This is the latest chapter in my on-line autobiography. You can read the whole story clicking on the link above on the left.

He’s famous, isn’t he?

The context for the above question was a conversation during which someone was telling me about the various jazz artists playing at a nearby festival, and upon naming a local pianist he posed this question, to which I replied;
“If he were, you wouldn’t need to ask me.”
The idea being that if someone is famous then by definition, we know about it. But perhaps, to be fair, the questioner was really asking, whether this pianist was well known on his circuit – which is perhaps not quite the same as being “famous”.
It could be argued that the aim of all musicians is to become famous. At least I have yet to meet one who has clearly stated he wasn’t at all interest in achieving notoriety.
When I was young, I had the idea that every little thing I did was contributing to what we would call today a “profile” and gradually this would grow and grow until I was obviously noticeable, and therefore “famous”.
As the years passed, I came to realize it was not that simple. You are basically famous when someone says you are famous, and you are famous for them even if they don’t know much about you.
For example, I remember flying to Norway to do a workshop at the festival of the Norwegian Flute Society. This was just my second visit to Norway; I was met at Oslo airport by a lady from the organization, and on the drive to the festival she told me that I was the first of the “stars” to arrive.
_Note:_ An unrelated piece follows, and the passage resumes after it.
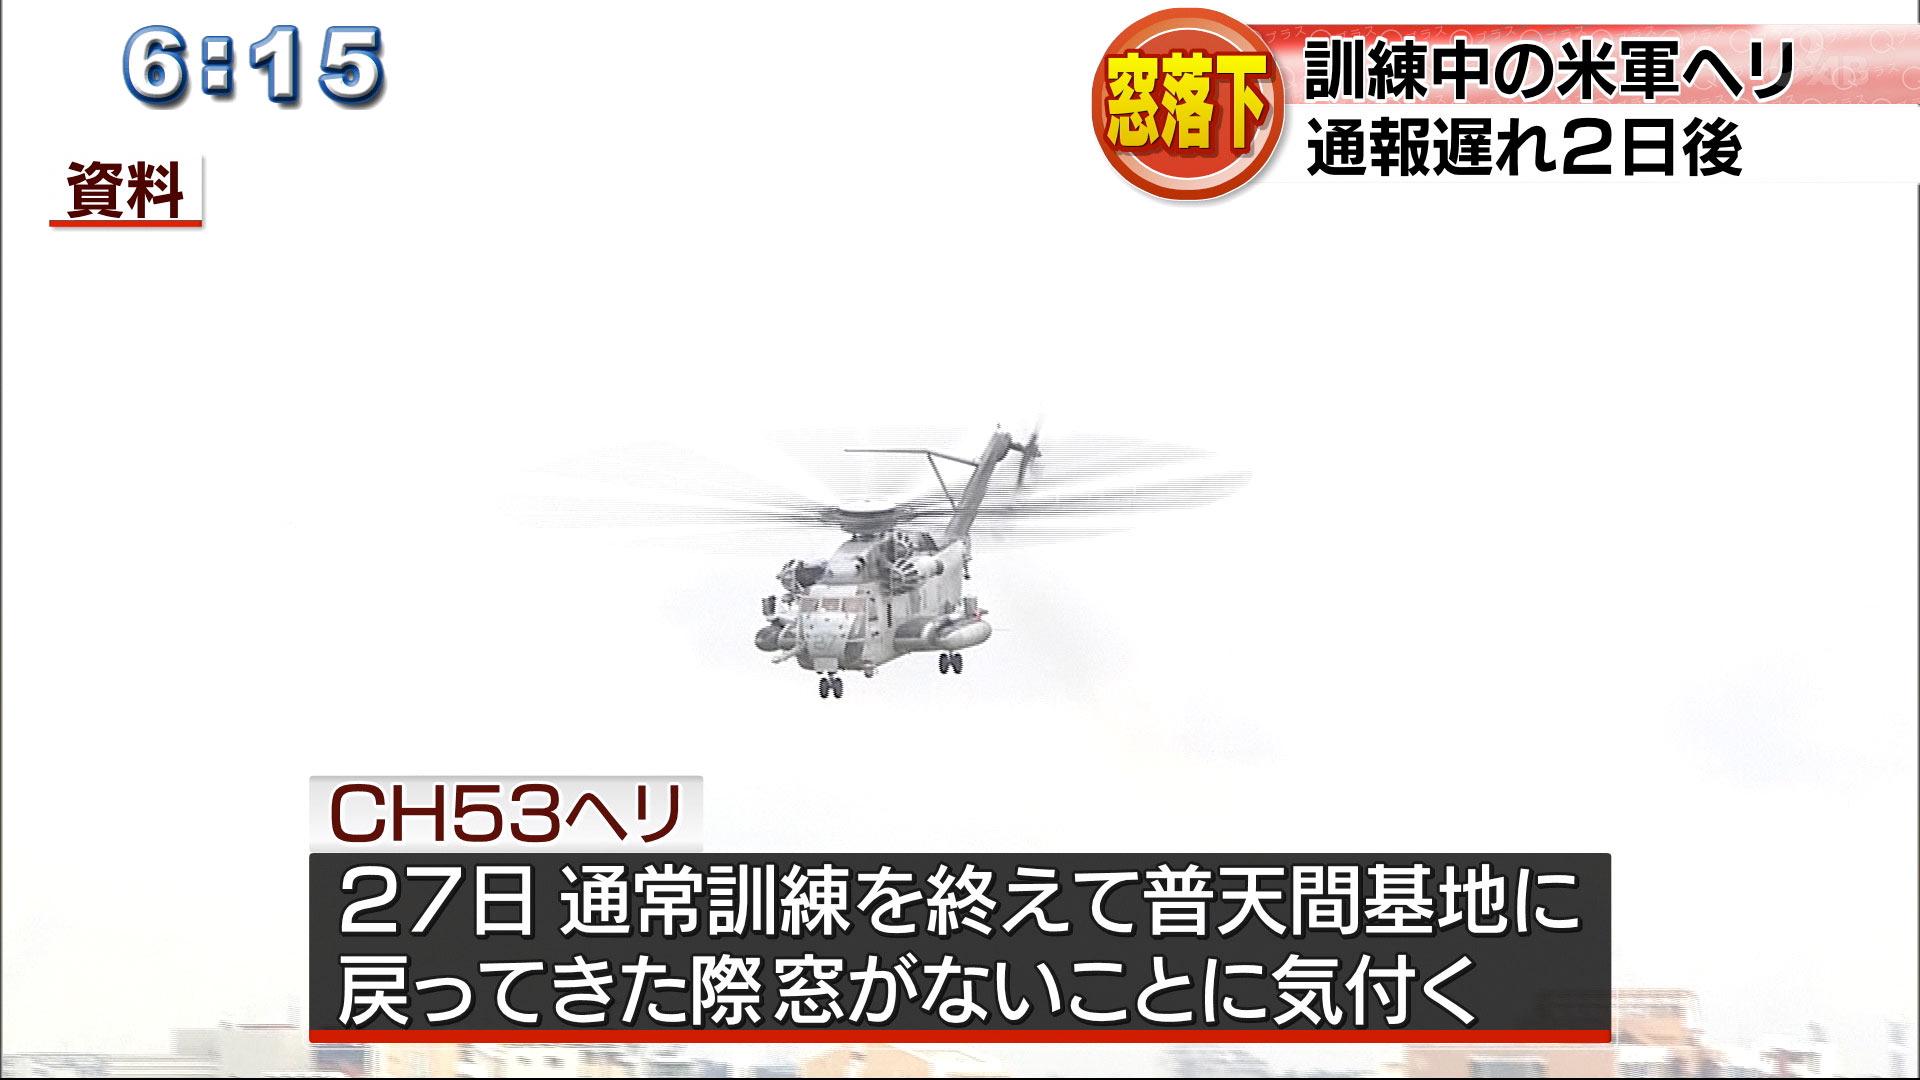 米軍ヘリから窓落下 通報は2日後 場所も不明

So here I was in a country where practically nobody knew me, and where I had never performed a concert, but I was a “star”. Very nice, I thought, but maybe the term “guest artist” might have been more appropriate, Still here I was, a star in Norway, whereas back home: “Oh, it’s him again…”
Then there’s the game with the size of lettering they use for your name on the flyer or poster. There is a sort of rule (that’s not written anywhere) that says the more famous you are the bigger the lettering has to be. But actually it’s the more famous they want to make out you are, or the more powerful your agent is, the bigger the lettering. The reader understands that the names written large are the better-known artists, even if he doesn’t know any of them.
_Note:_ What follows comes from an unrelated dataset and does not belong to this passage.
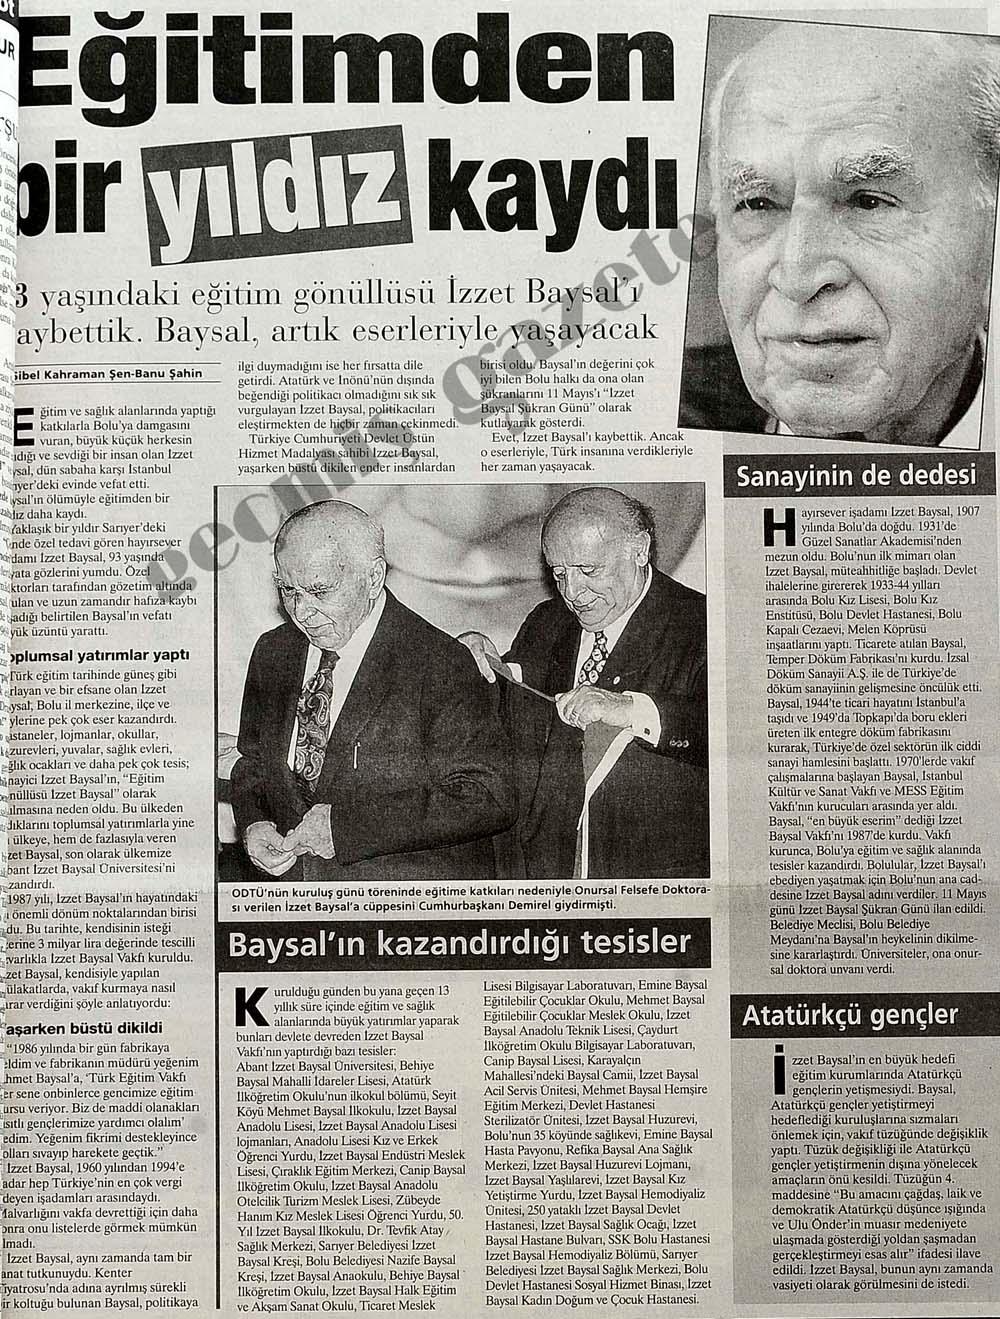 93 yaşındaki eğitim gönüllüsü İzzet Baysal'ı kaybettik

Think of any big artistic event. Are the artists there because they are famous, or famous because they are there?
I am reminded a of a time in the early ‘nineties when promoters would sometimes bring over to Italy a promising American jazz player (usually a saxophonist) to play with local rhythm sections- (often a different band for every gig.) No one had ever heard of them (and probably outside of their home states they were unknown) but the posters obviously didn’t worry about this. So you would get in gigantic characters FROM TEXAS U.S.A. FRED SCHITT – Tenor Saxophone, and the often quite respectable local musicians would be at the bottom of the page, just about visible, if they were mentioned at all.
“Hey, Fred Schitt, he’s famous isn’t he?”
I know I’m skirting around the old theme of the “prophet without honour in his own land” situation which in the music profession is very present. Possible the secret is to not be actually at home anywhere; to be permanently on the move.
“Hey Fred Shitt’s back in town and he’s doing a gig on Sunday night! We can’t miss that.”
But once Fred starts to give lessons at the local music school and can be seen doing the shopping, and maybe lives in a real home instead of just sleeping artistically on someone’s sofa, then Fred’s gig on Sunday night becomes less of an event, even though he’s had the time to rehearse, and to get to know his colleagues and the music will be so much better than that one off – fly-in-and-do-some-standards, encounter.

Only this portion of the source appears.